21. The High Court considered that the ward in which the applicant was detained was appropriate (“ egnet ”), and that a sufficient arrangement had been established for him through the adaptation of realities, two “earmarked” officers and offers of possibilities beyond what was given to persons serving their sentence and other detained persons (“ forvaringsd ømte ”) . The fact that the institution had not managed to further develop an individual programme for the applicant was above all due to the applicant ’ s difficult behaviour ( kontrære opptreden ). Although connected to his personality disorders, it would be wrong if a person could effectively “discharge himself” by refusing to accept any offers of help that were made to him.
22. In conclusion, the High Court found that the applicant ’ s further stay at the institution would not run contrary to Articles 3 or 5 of the Convention.

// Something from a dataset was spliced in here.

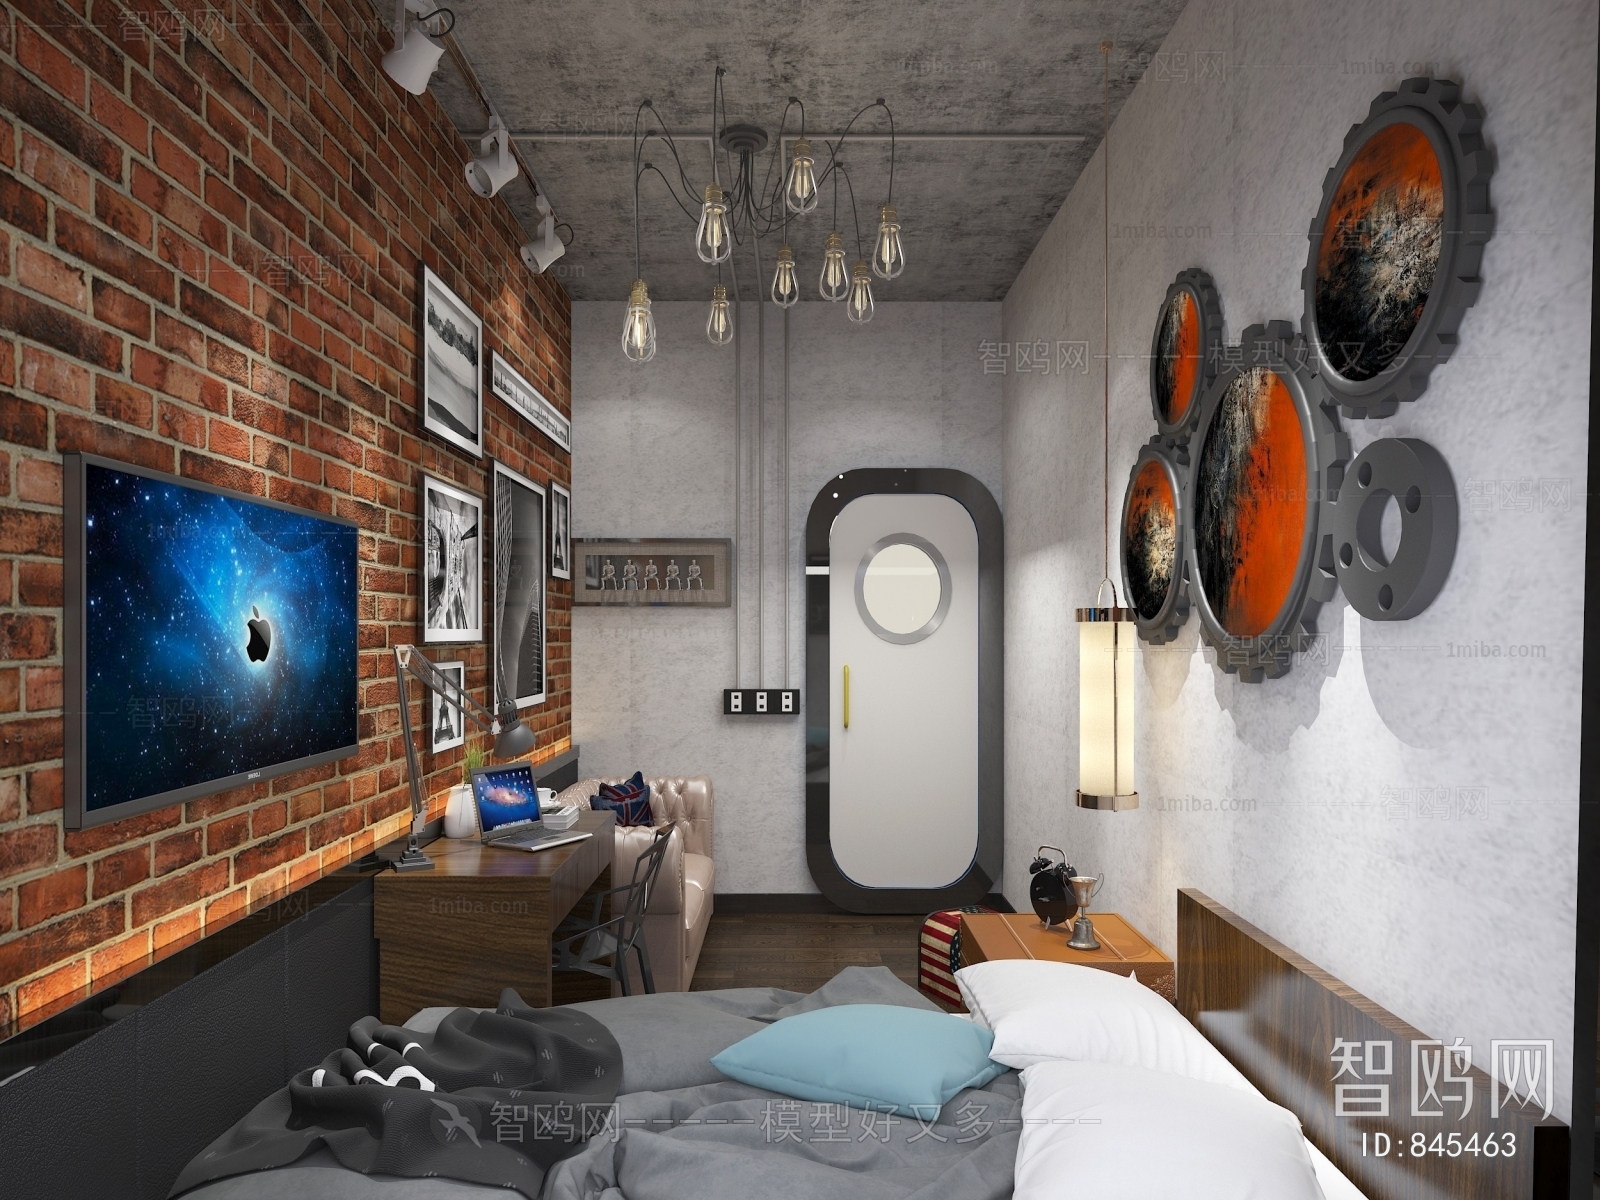 Industrial Style Guest Room

With respect to the time spent handling the applicant ’ s request that he be discharged and whether there had been a breach of Article 5 § 4 of the Convention, the High Court disagreed with the District Court. In the High Court ’ s view, a processing time of slightly more than six months was acceptable, in particular when taking into account the fact that this time also covered the appointment of the experts and the carrying out of their work.
23. On 27 July and 14 August 2013 the applicant appealed against the High Court ’ s judgment.
24. On 18 September 2013 the applicant was refused leave to appeal to the Supreme Court.
COMPLAINTS
25. The applicant complains that his placement in Ila prison entails a violation of Article 5 § 1 (e) of the Convention: he is not undergoing any treatment, a situation which is not in accordance with the Supreme Court ’ s judgment of 2011, and all the other detainees at Ila are prisoners serving criminal sentences.
26. The applicant also complains that there has been a breach of his right under Article 5 § 4 of the Convention to take proceedings, since his request for a periodic review of his detention was not decided “speedily” by the domestic courts during the third set of proceedings. He complains under Article 13 that he did not have an effective remedy to address the delay in the District Court ’ s treatment of his case.
QUESTION s TO THE PARTIES
1. Concerning the third set of proceedings, was the applicant deprived of his liberty in breach of Article 5 § 1 (e) of the Convention?
2. Did the length of the third set of proceedings in the present case, by which the applicant sought to challenge the lawfulness of his detention, comply with the “speed” requirement of Article 5 § 4 of the Convention?